🤖 AI Summary
SVGD suffers from particle collapse in Bayesian inference, leading to underestimated posterior variance (“variance collapse”) and severely degrading uncertainty quantification—even for small- to medium-scale Bayesian neural networks (BNNs). To address this, we propose Stein Mixture Inference (SMI): each SVGD particle is modeled as a component of a learnable mixture distribution, jointly optimized via an ELBO lower bound regularized by a user-specified guiding distribution. SMI is the first framework to embed nonlinear SVGD into the variational Bayesian paradigm, synergistically mitigating collapse through particle-parameterized guidance and adaptive kernel design. Experiments on standard benchmarks demonstrate that SMI significantly improves uncertainty calibration. Notably, small BNNs achieve comparable or superior performance with far fewer particles than SVGD, while maintaining robustness in high dimensions and computational efficiency.
📝 Abstract
Stein variational gradient descent (SVGD) [Liu and Wang, 2016] performs approximate Bayesian inference by representing the posterior with a set of particles. However, SVGD suffers from variance collapse, i.e. poor predictions due to underestimating uncertainty [Ba et al., 2021], even for moderately-dimensional models such as small Bayesian neural networks (BNNs). To address this issue, we generalize SVGD by letting each particle parameterize a component distribution in a mixture model. Our method, Stein Mixture Inference (SMI), optimizes a lower bound to the evidence (ELBO) and introduces user-specified guides parameterized by particles.

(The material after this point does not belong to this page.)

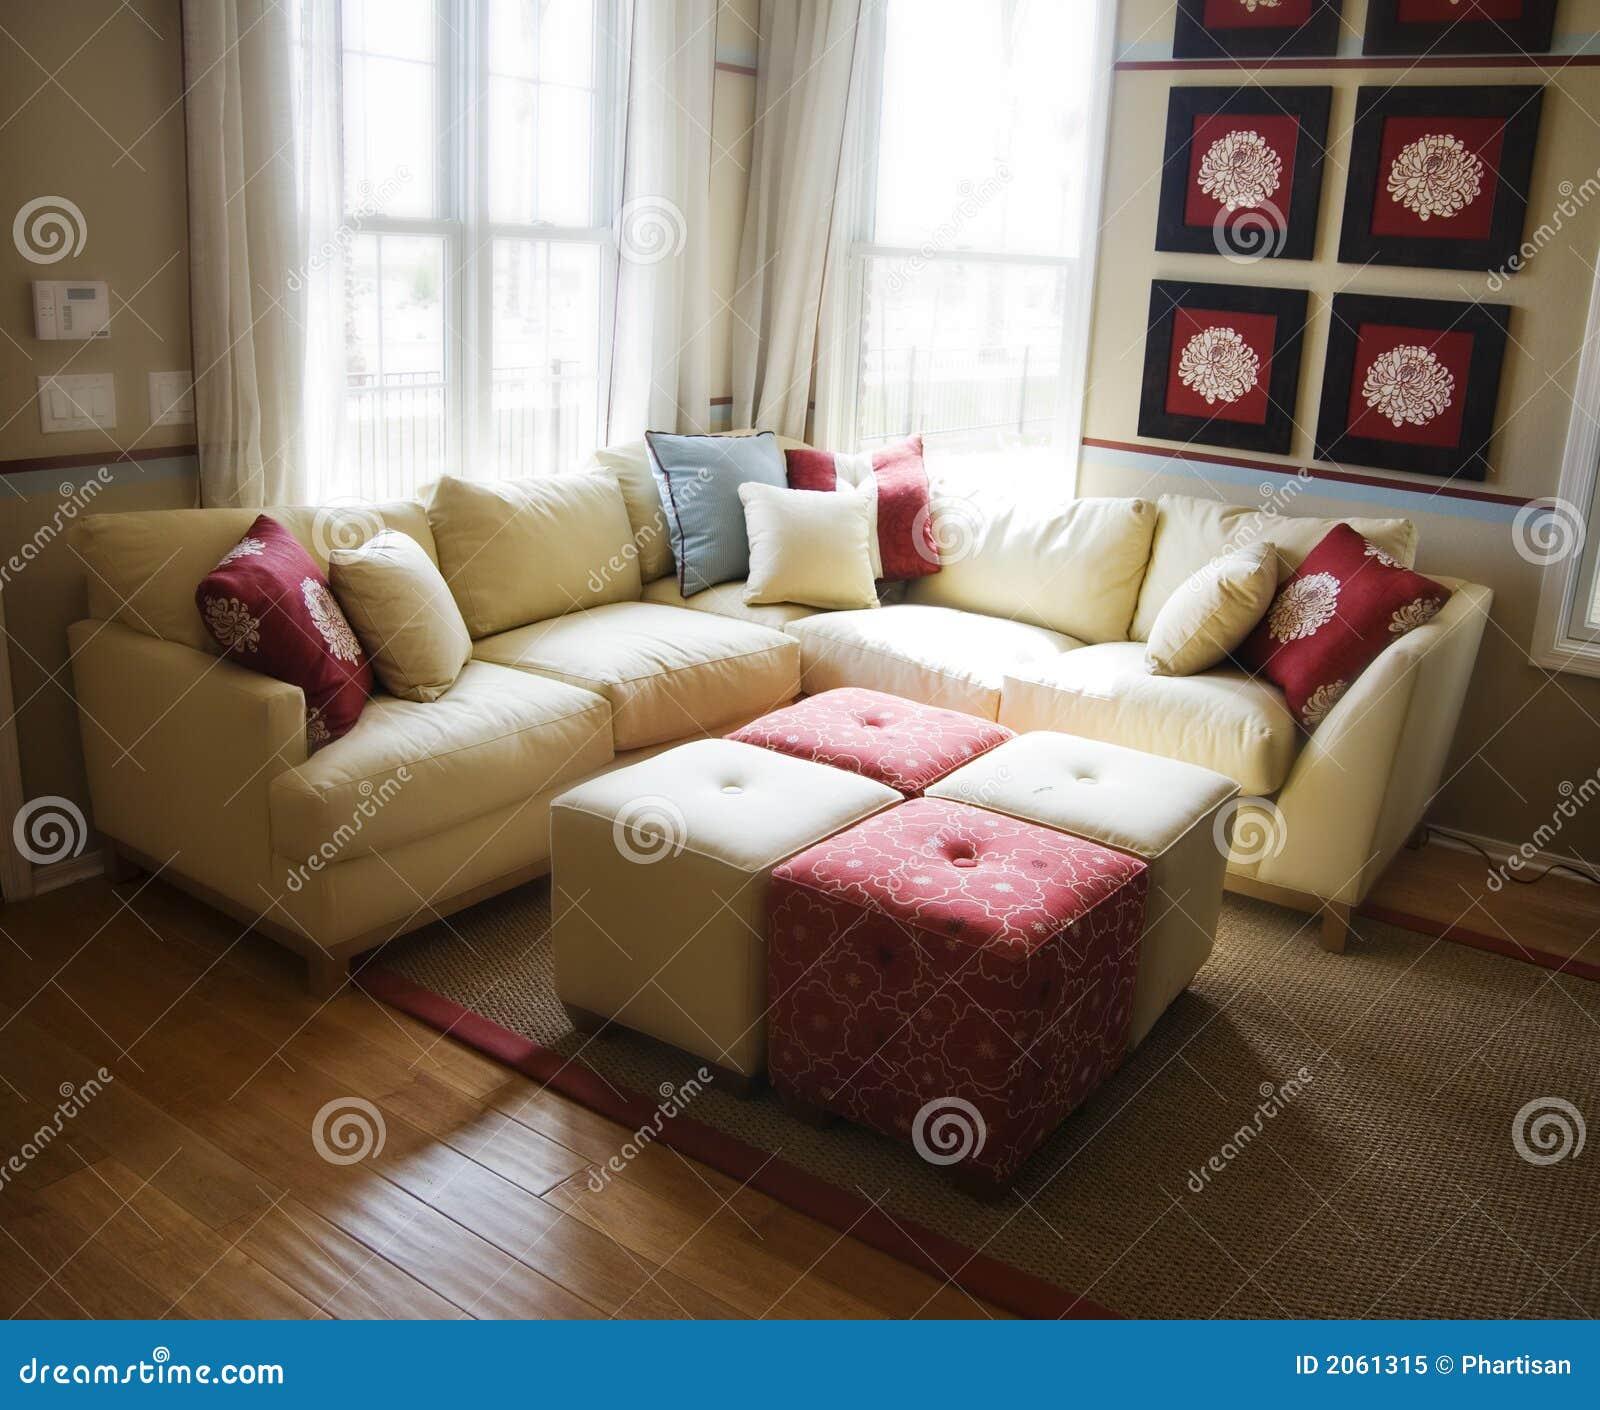 hartholz bodenbelag im wohnzimmer lizenzfreies stockfoto. Black Bedroom Furniture Sets. Home Design Ideas

SMI extends the Nonlinear SVGD framework [Wang and Liu, 2019] to the case of variational Bayes. SMI effectively avoids variance collapse, judging by a previously described test developed for this purpose, and performs well on standard data sets. In addition, SMI requires considerably fewer particles than SVGD to accurately estimate uncertainty for small BNNs. The synergistic combination of NSVGD, ELBO optimization and user-specified guides establishes a promising approach towards variational Bayesian inference in the case of tall and wide data.